KIFT
- Kremmling, Colorado; United States;
- Broadcast area: Avon, Colorado Kremmling, Colorado
- Frequency: 106.3 MHz
- Branding: Lift 106

Programming
- Format: Top 40 (CHR)

Ownership
- Owner: Patricia MacDonald Garber and Peter Benedetti; (AlwaysMountainTime, LLC);

History
- First air date: 1987 (as KTLD-FM)
- Former call signs: KSKE (1983–1987) KTLD-FM (1987–1988) KRKM (1988–2004) KKHI (2004–2005) KZMV (2005–2011)
- Call sign meaning: LIFT

Technical information
- Licensing authority: FCC
- Facility ID: 24746
- Class: C2
- ERP: 50,000 watts
- HAAT: 150 meters (490 ft)
- Transmitter coordinates: 40°7′12″N 106°14′13″W﻿ / ﻿40.12000°N 106.23694°W
- Translators: 99.1 K256BM (Dillon) 99.5 K258AS (Breckenridge)

Links
- Public license information: Public file; LMS;
- Webcast: Listen Live
- Website: lift106.com

= KIFT =

KIFT (106.3 FM, "Lift 106") is a radio station broadcasting a top 40/CHR music format.
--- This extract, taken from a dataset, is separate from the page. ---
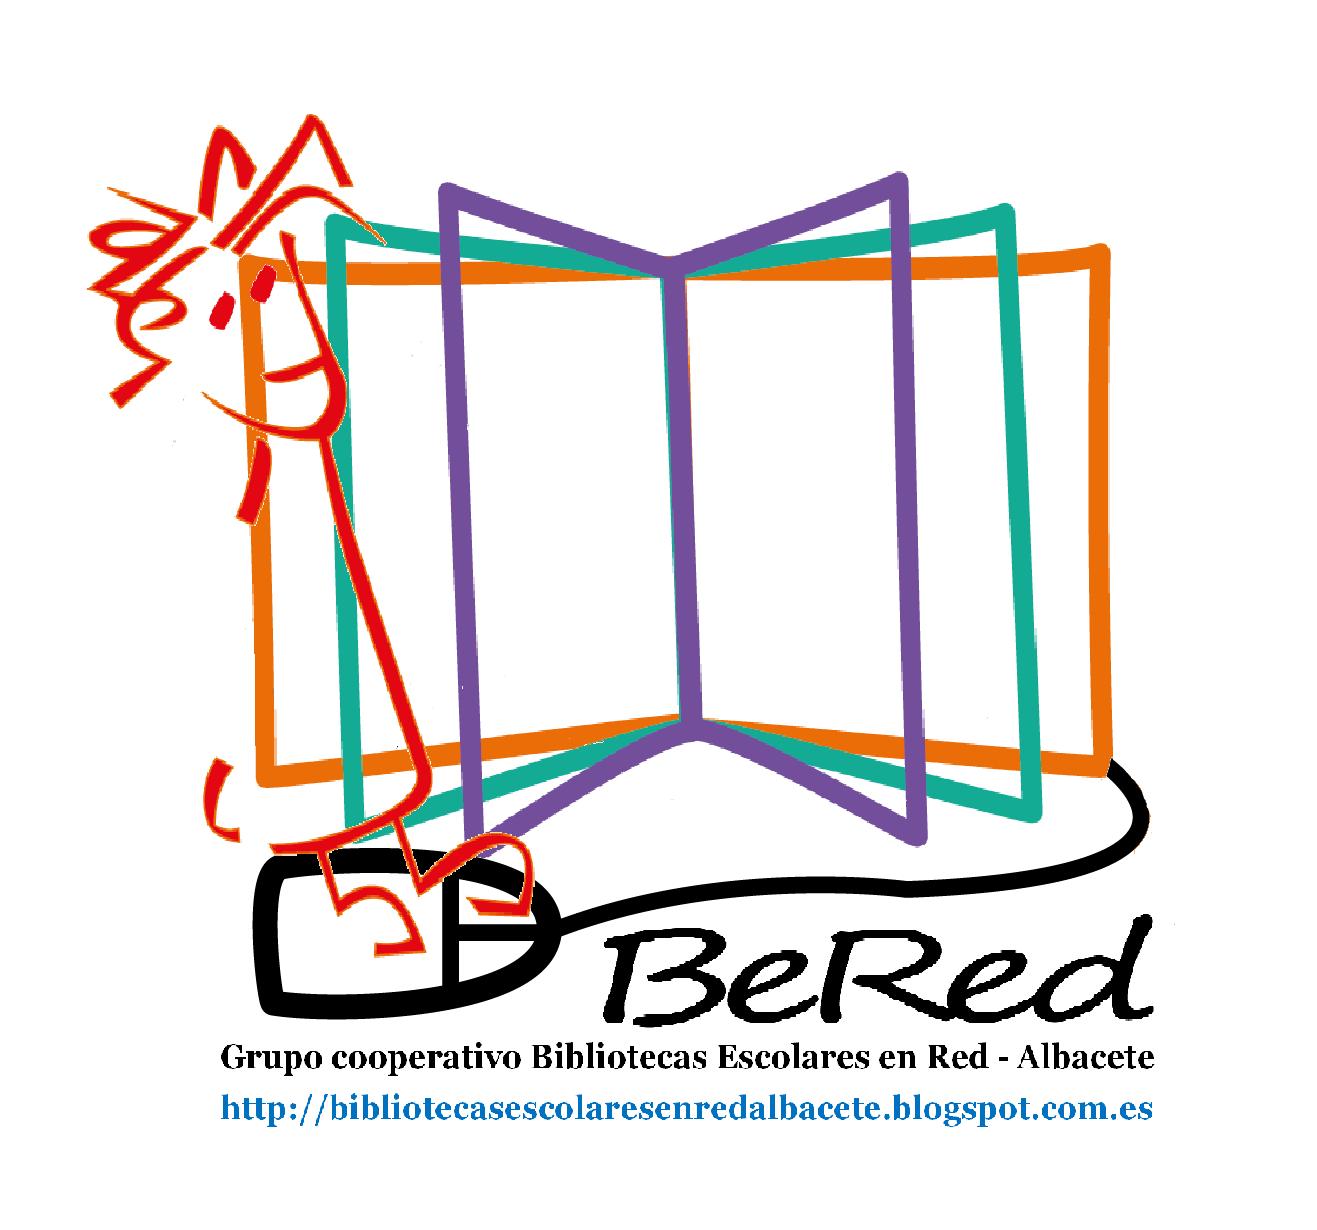 Participa en el grupo y luce nuestro logo en tu web o blog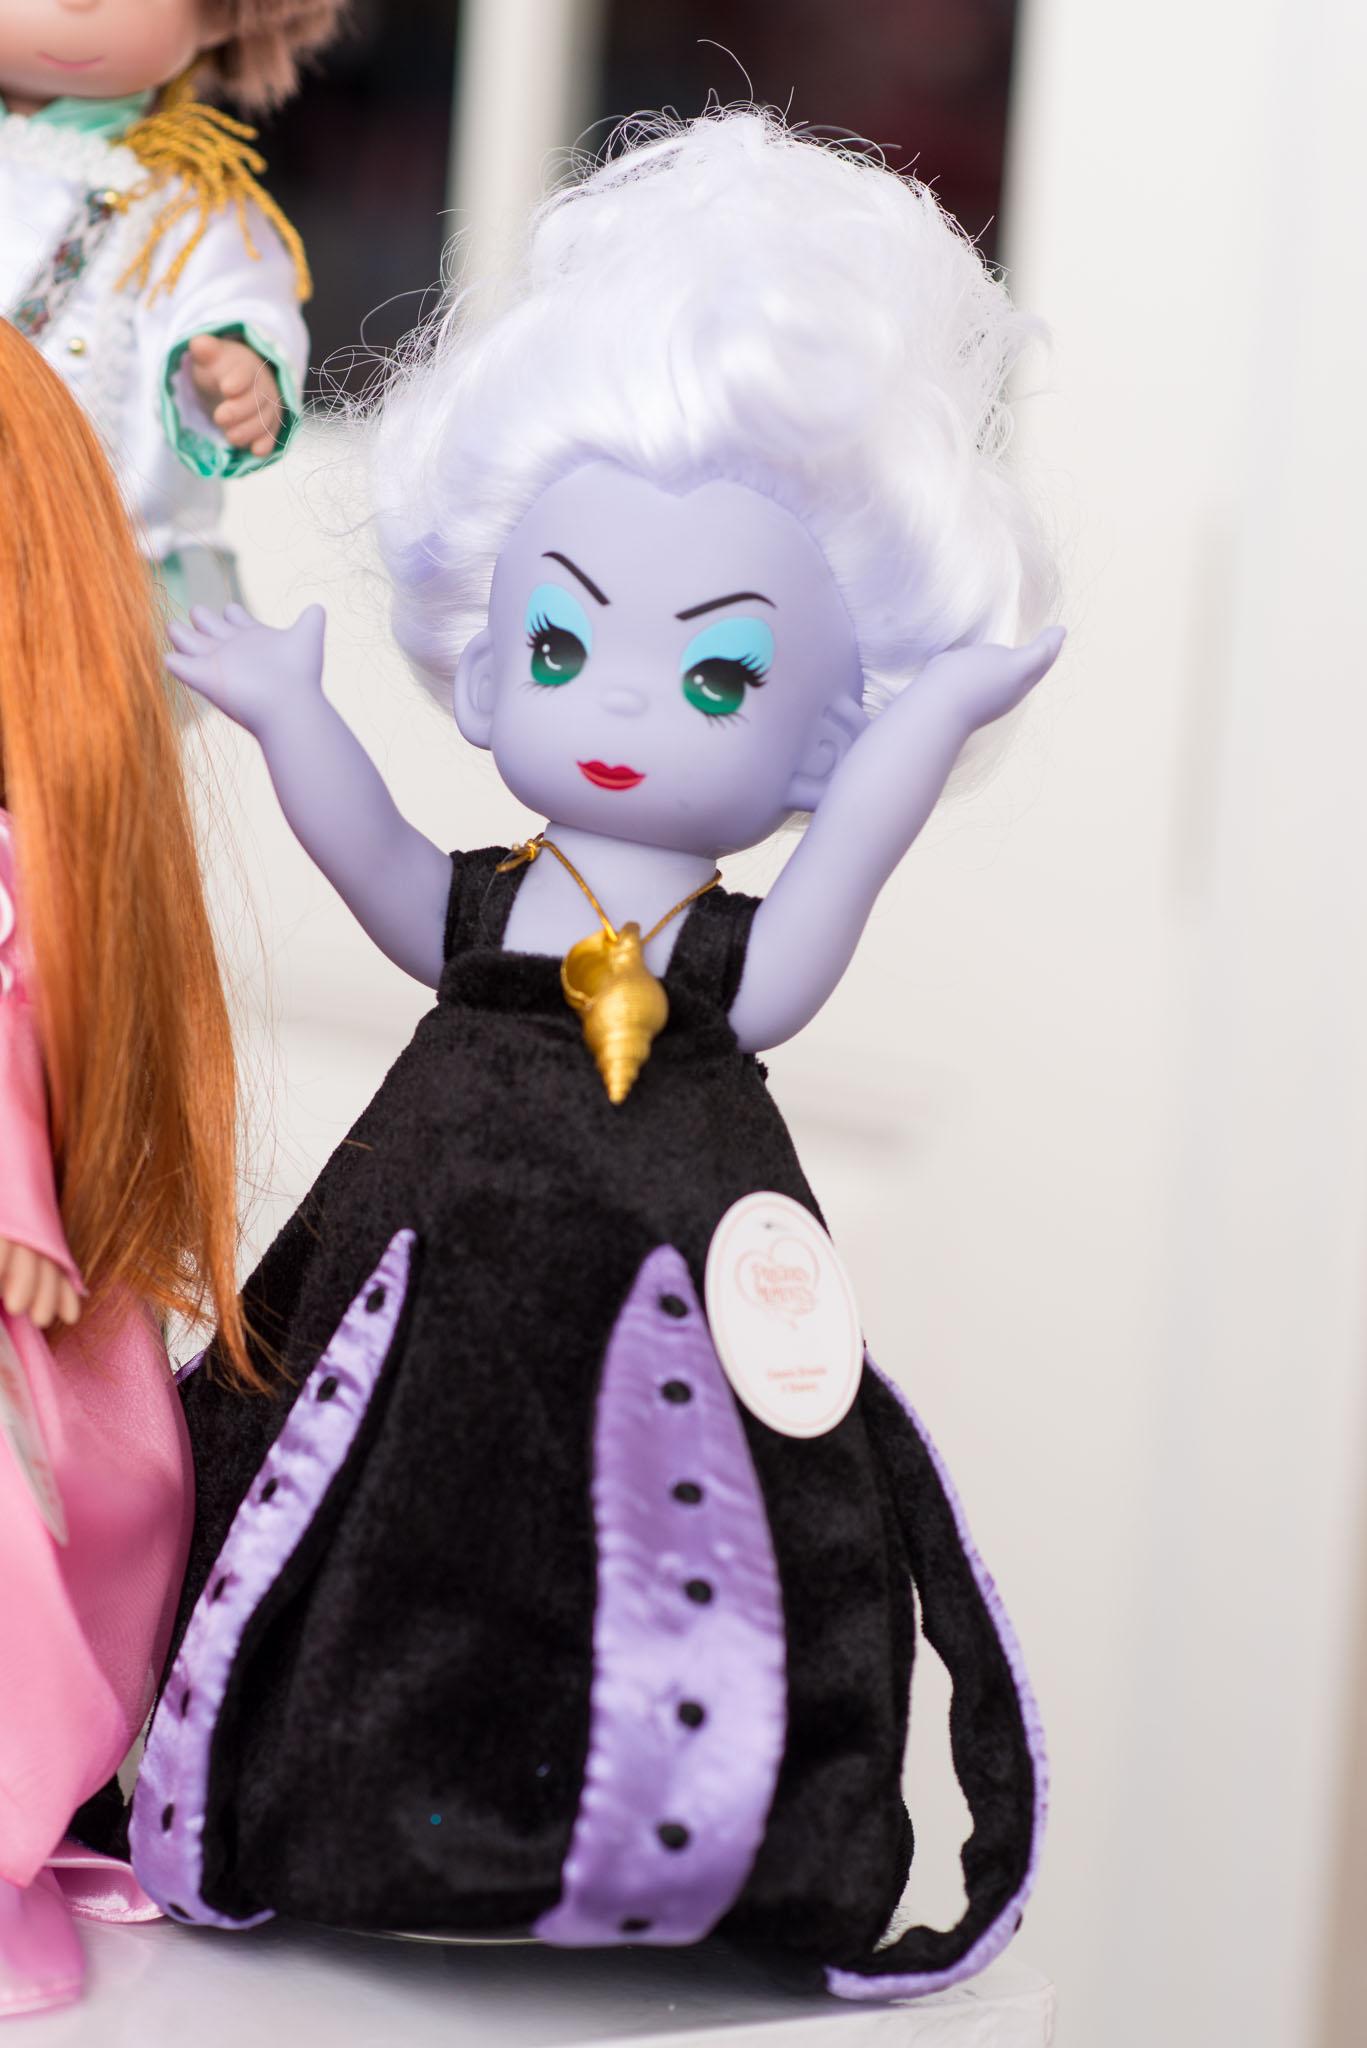 Precious Moments Disney Doll Collection - Ursula - Epcot Flower & Garden Festival 2016

Licensed to Kremmling, Colorado, United States, the station is currently owned by Patricia MacDonald Garber and Peter Benedetti, through licensee AlwaysMountainTime, LLC.

==History==
The station was assigned the call sign KSKE on 1983-08-22. On 1987-09-10, the station changed its call sign to KTLD-FM, on 1988-03-16 to KRKM, on 2004-04-23 to KKHI, on 2005-09-07, to KZMV, and on 2011-05-11 to the current KIFT.